Сдерживая улыбку, Шарлотта и Энн переглянулись и снова пошли вокруг стола, причем за ними увязалась любимица младшей, собачка Флосси. Тем временем Эмили, нетерпеливо скрипя пером, поверяла свои мысли бумаге с такой же страстью, с какой делала в жизни все. В камине весело потрескивал огонь, а за окнами пасторского дома поливал дождь, да так, что капли барабанили в стекло, будто кто-то бросал в него галькой, пригоршню за пригоршней. Ниже по склону холма съежился на жестоком ветру Хоэрт.

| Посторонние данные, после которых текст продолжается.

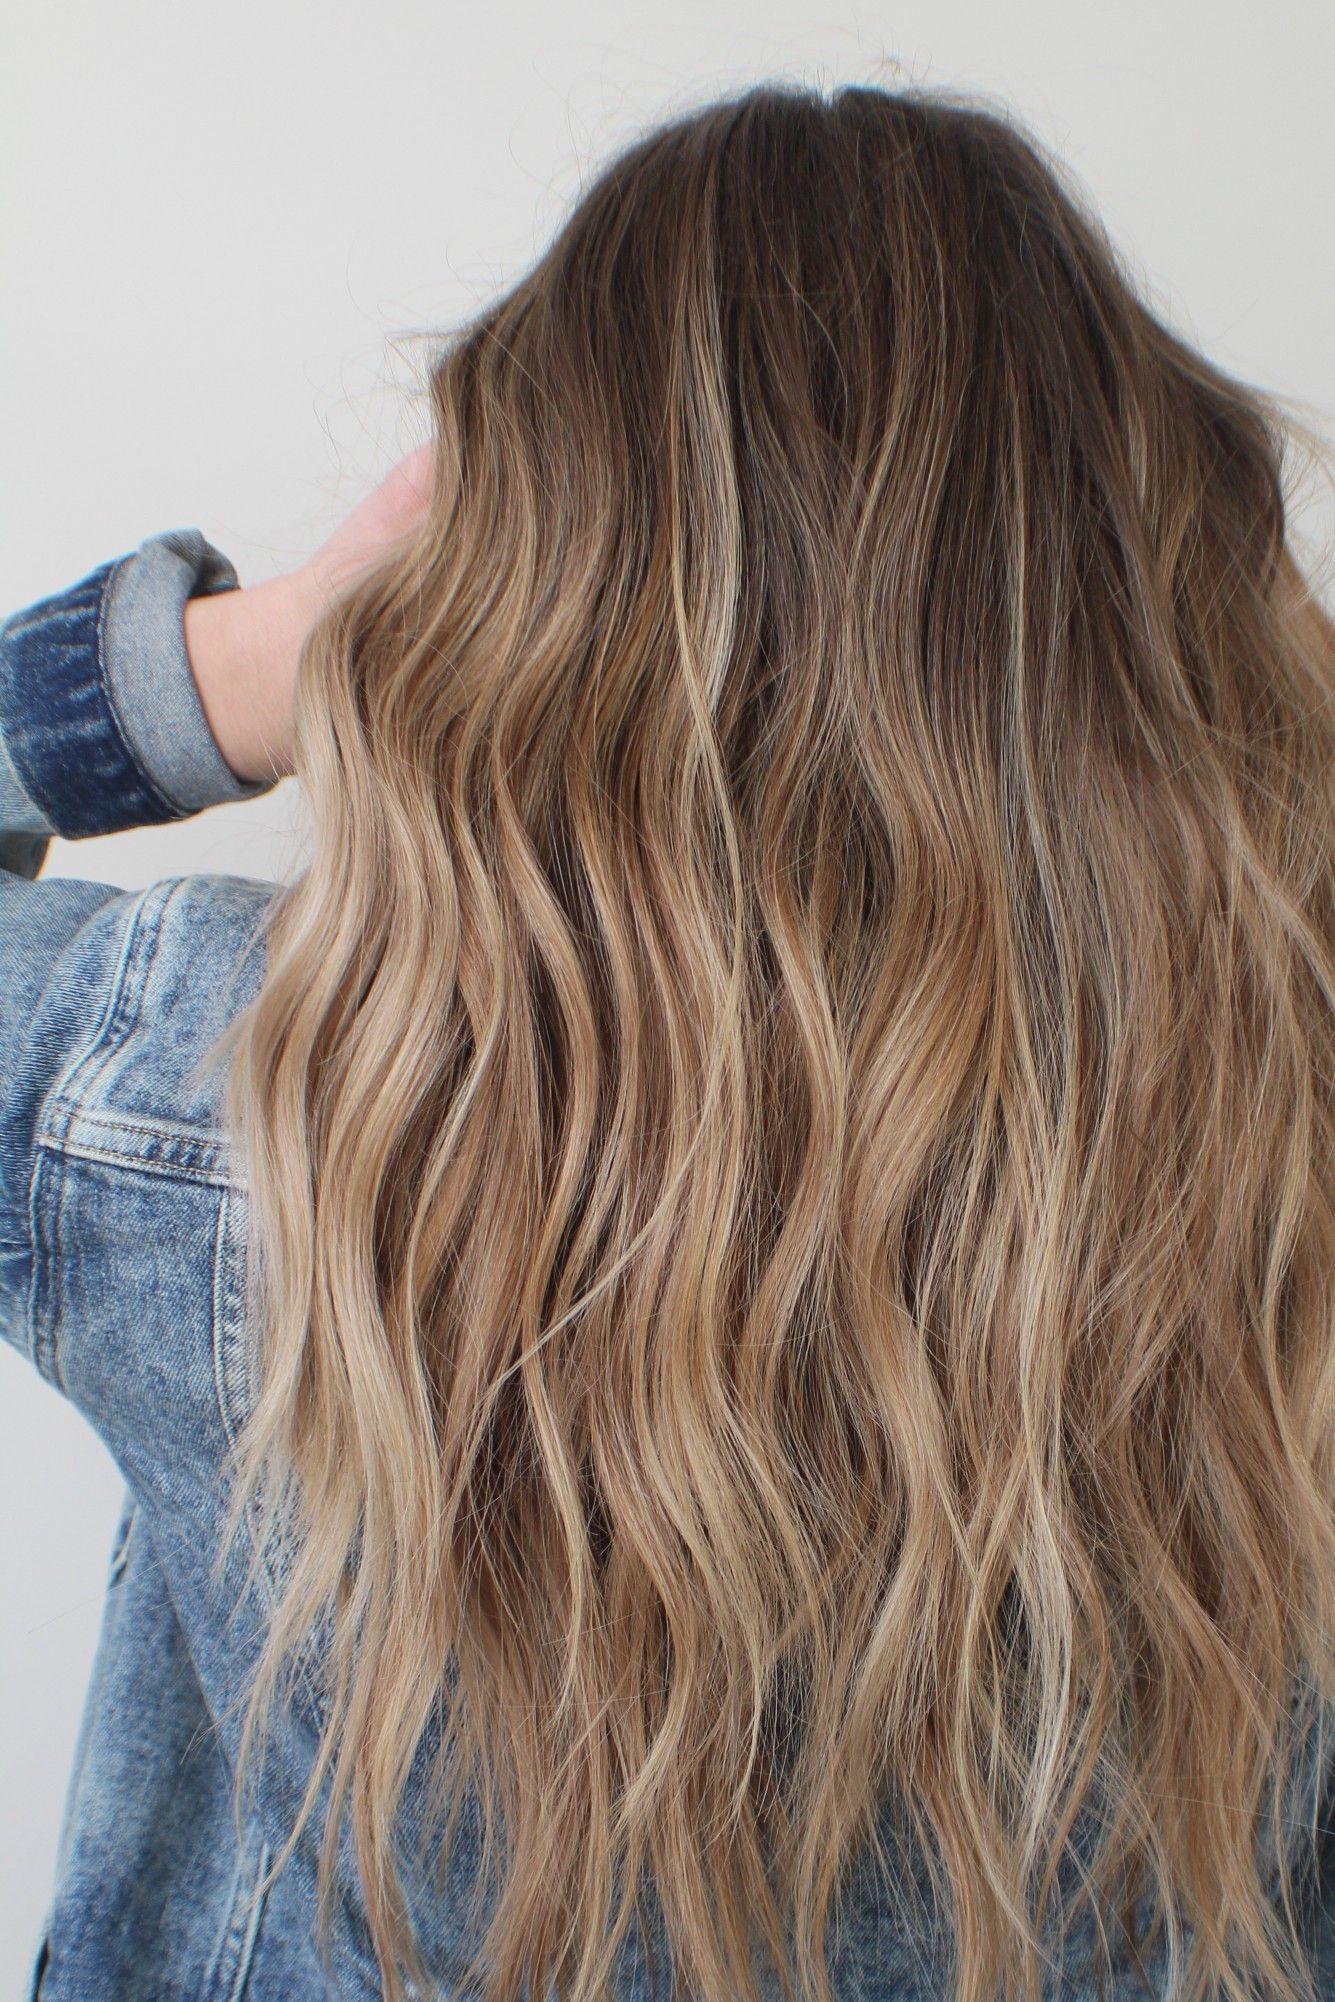 Brunette Balayage Caramel Highlights Beach Waves Haare Balayage Balayage Frisur Coole Frisuren

Стояло обычное йоркширское лето.

– Ничего сегодня не выходит, – разочарованно вздохнула Шарлотта, подошла к окну и стала глядеть на разбросанные по склону могильные камни – те так накренились вперед, в сторону церкви и деревни, словно их толкали мертвецы, торопясь выбраться из-под них и вернуться домой. – Голова, как чистая страница, такая же пустая и бессодержательная. Точнее, содержимое в ней есть, но это все чувства, а они мешают мысли. Пары приличных строк, и то не сочинить.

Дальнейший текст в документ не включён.